### THE DATA
──────────────────────────────

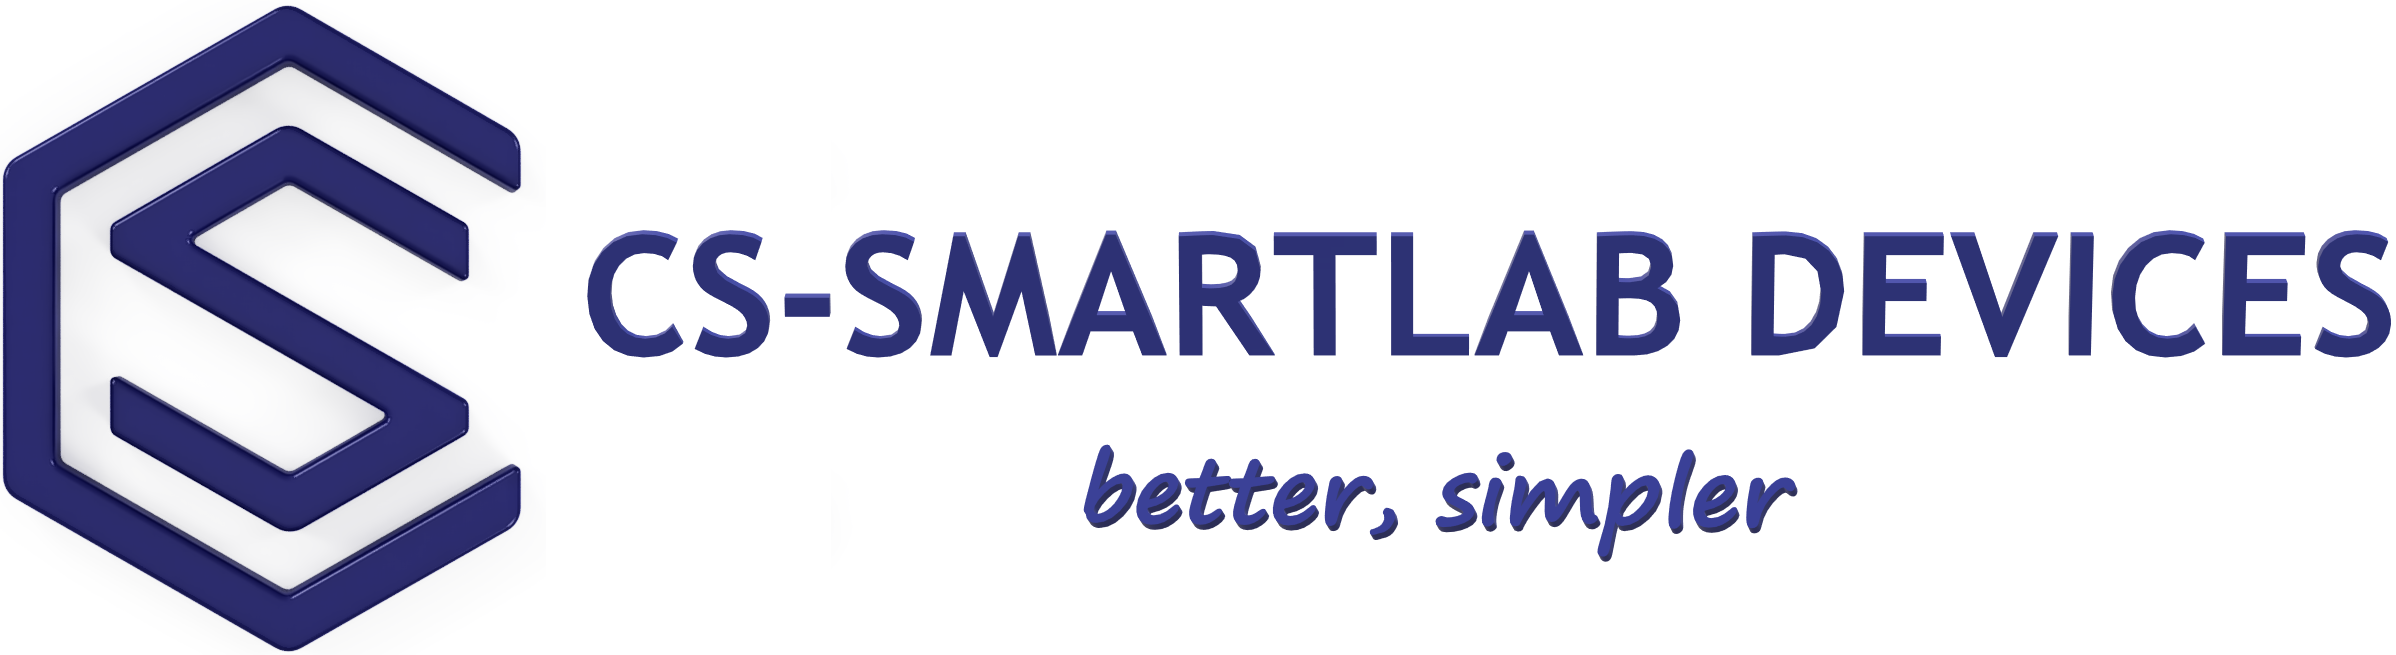 CS-Smartlab Devices 
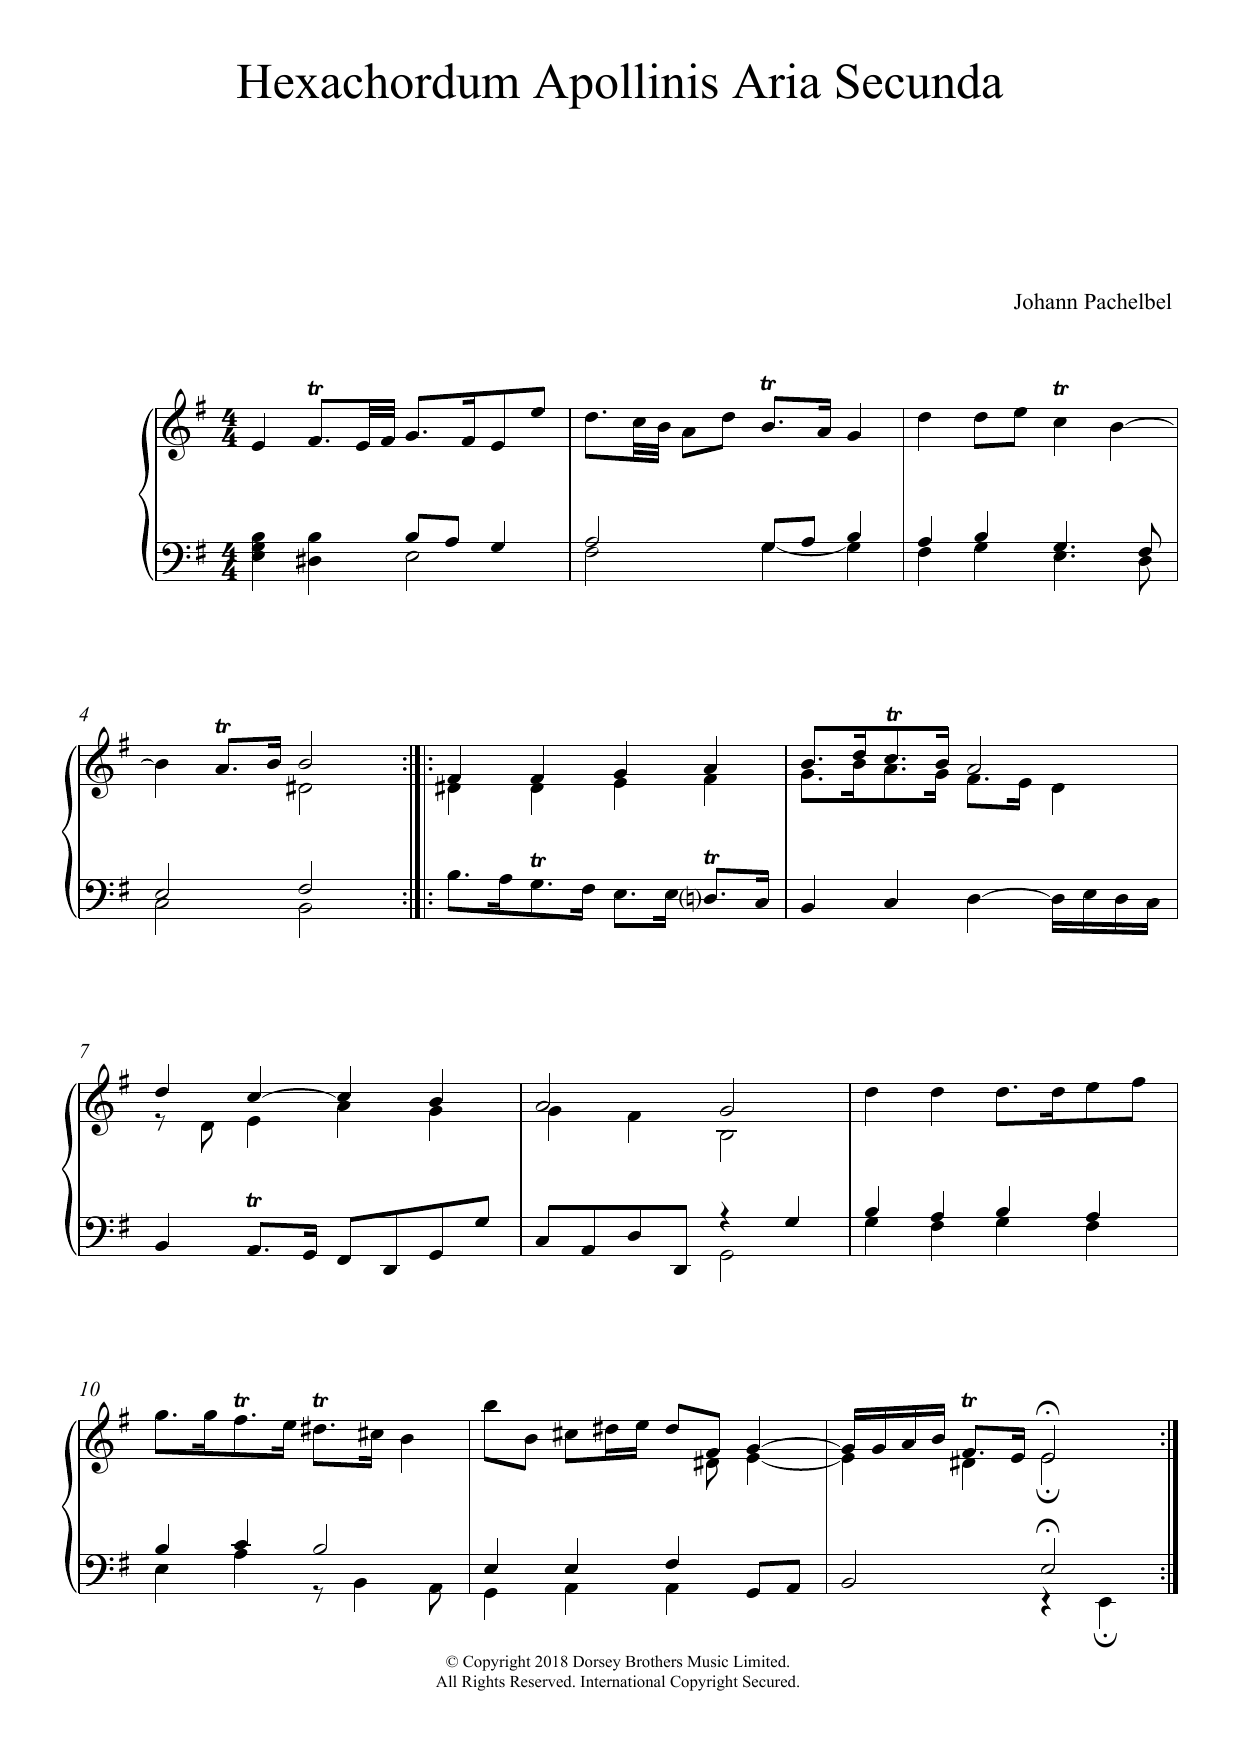 Johann Pachelbel Hexachordum Apollinis: Aria Secunda Sheet Music Notes & Chords for Piano - Download or Print PDF
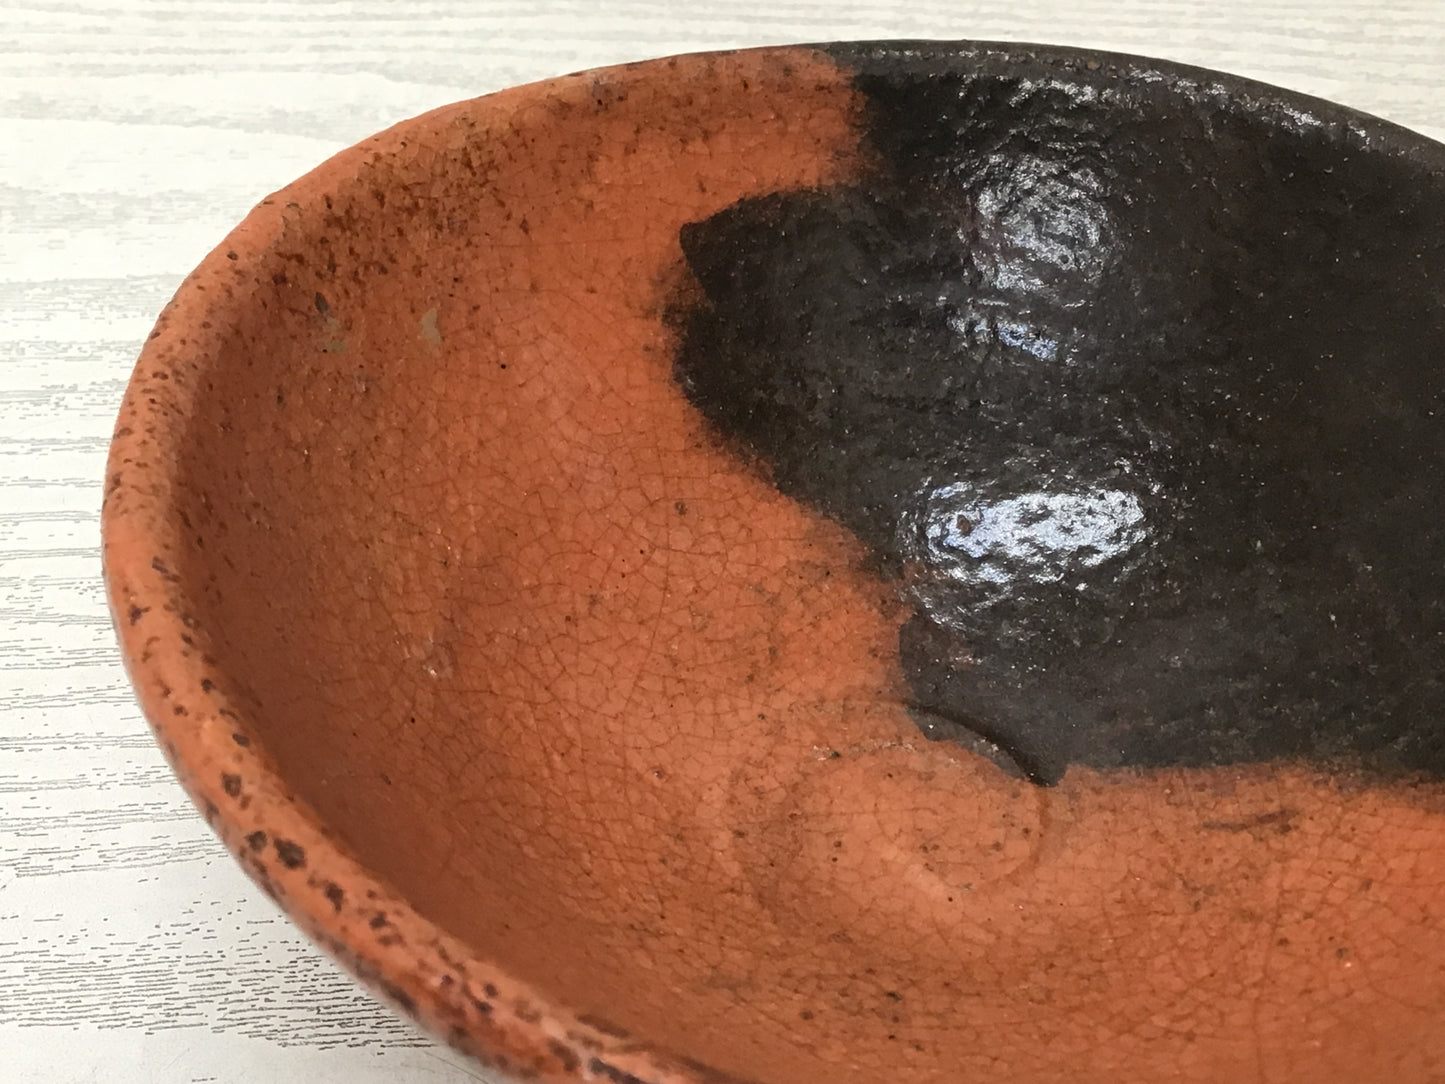 Y2615 CHAWAN Raku-ware Red Flat box Japan tea ceremony bowl antique vintage
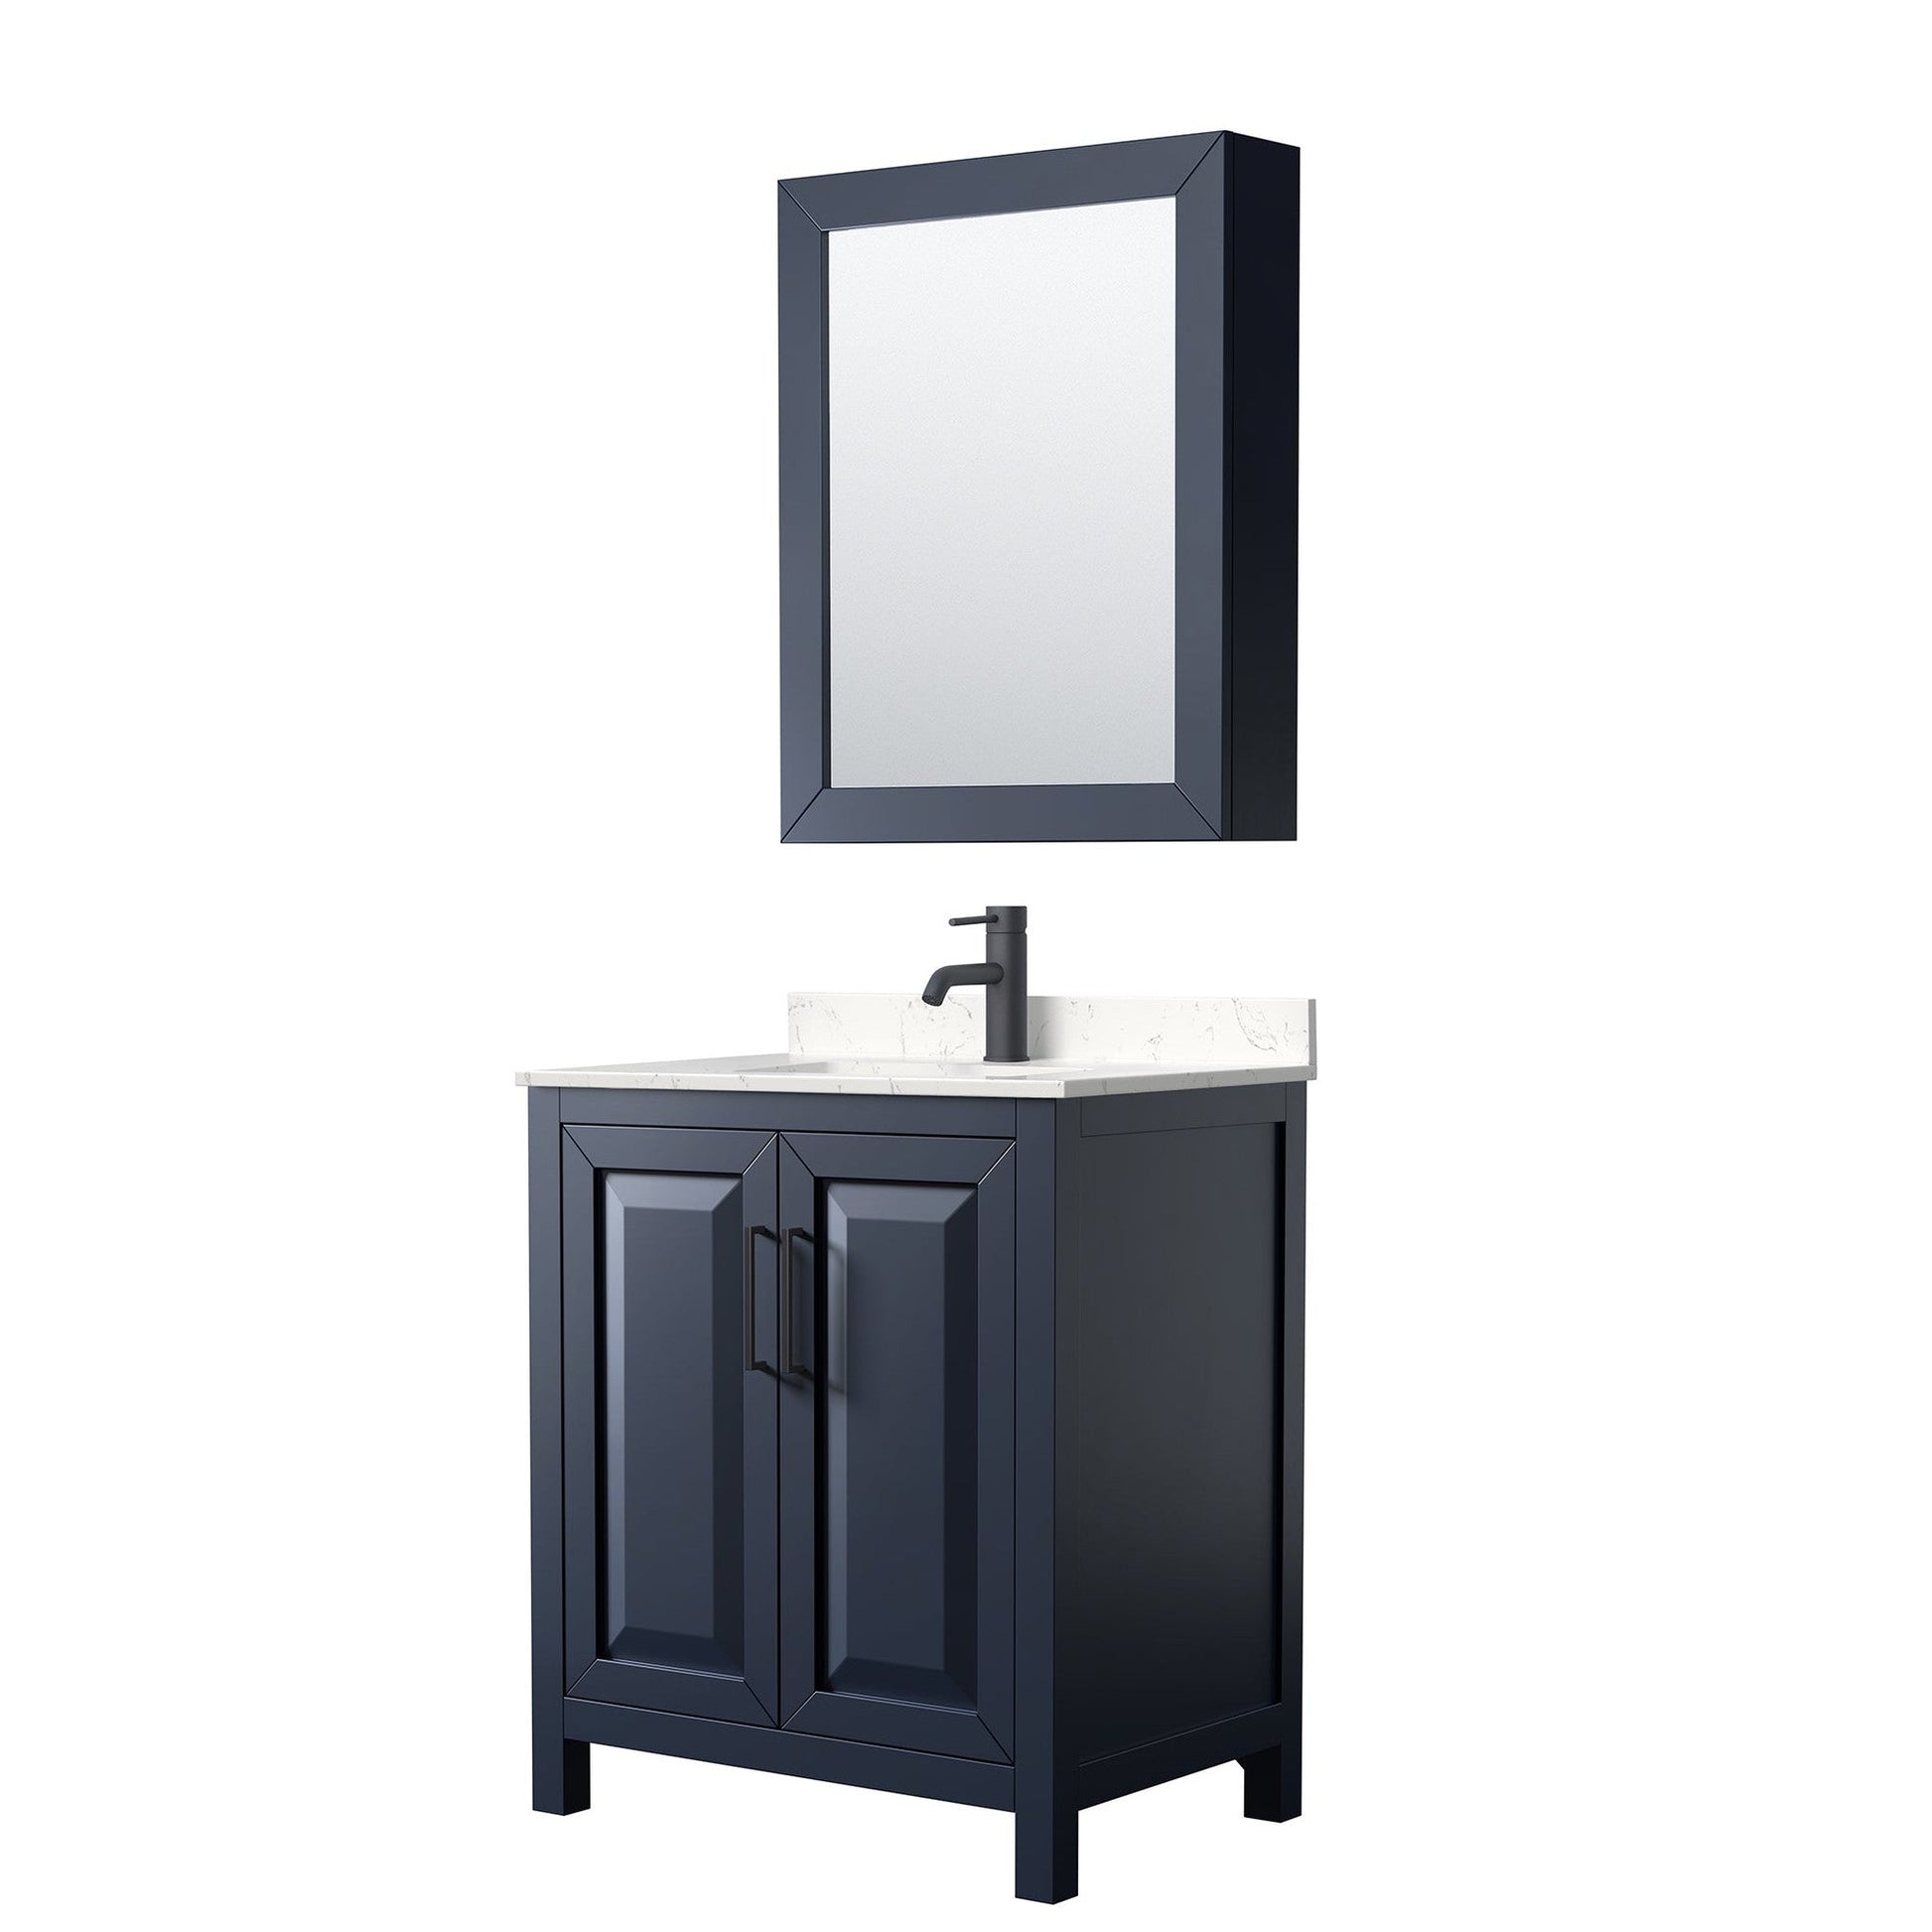 Daria 30" Single Bathroom Vanity in Dark Blue, Carrara Cultured Marble Countertop, Undermount Square Sink, Matte Black Trim, Medicine Cabinet

──────────────────────────────

### WORK ORDER
The answer must be the data above, repeated exactly, with no pictures.

### ANSWER SECTION
 CS-Smartlab Devices 
 Johann Pachelbel Hexachordum Apollinis: Aria Secunda Sheet Music Notes & Chords for Piano - Download or Print PDF
 Y2615 CHAWAN Raku-ware Red Flat box Japan tea ceremony bowl antique vintage
 Daria 30" Single Bathroom Vanity in Dark Blue, Carrara Cultured Marble Countertop, Undermount Square Sink, Matte Black Trim, Medicine Cabinet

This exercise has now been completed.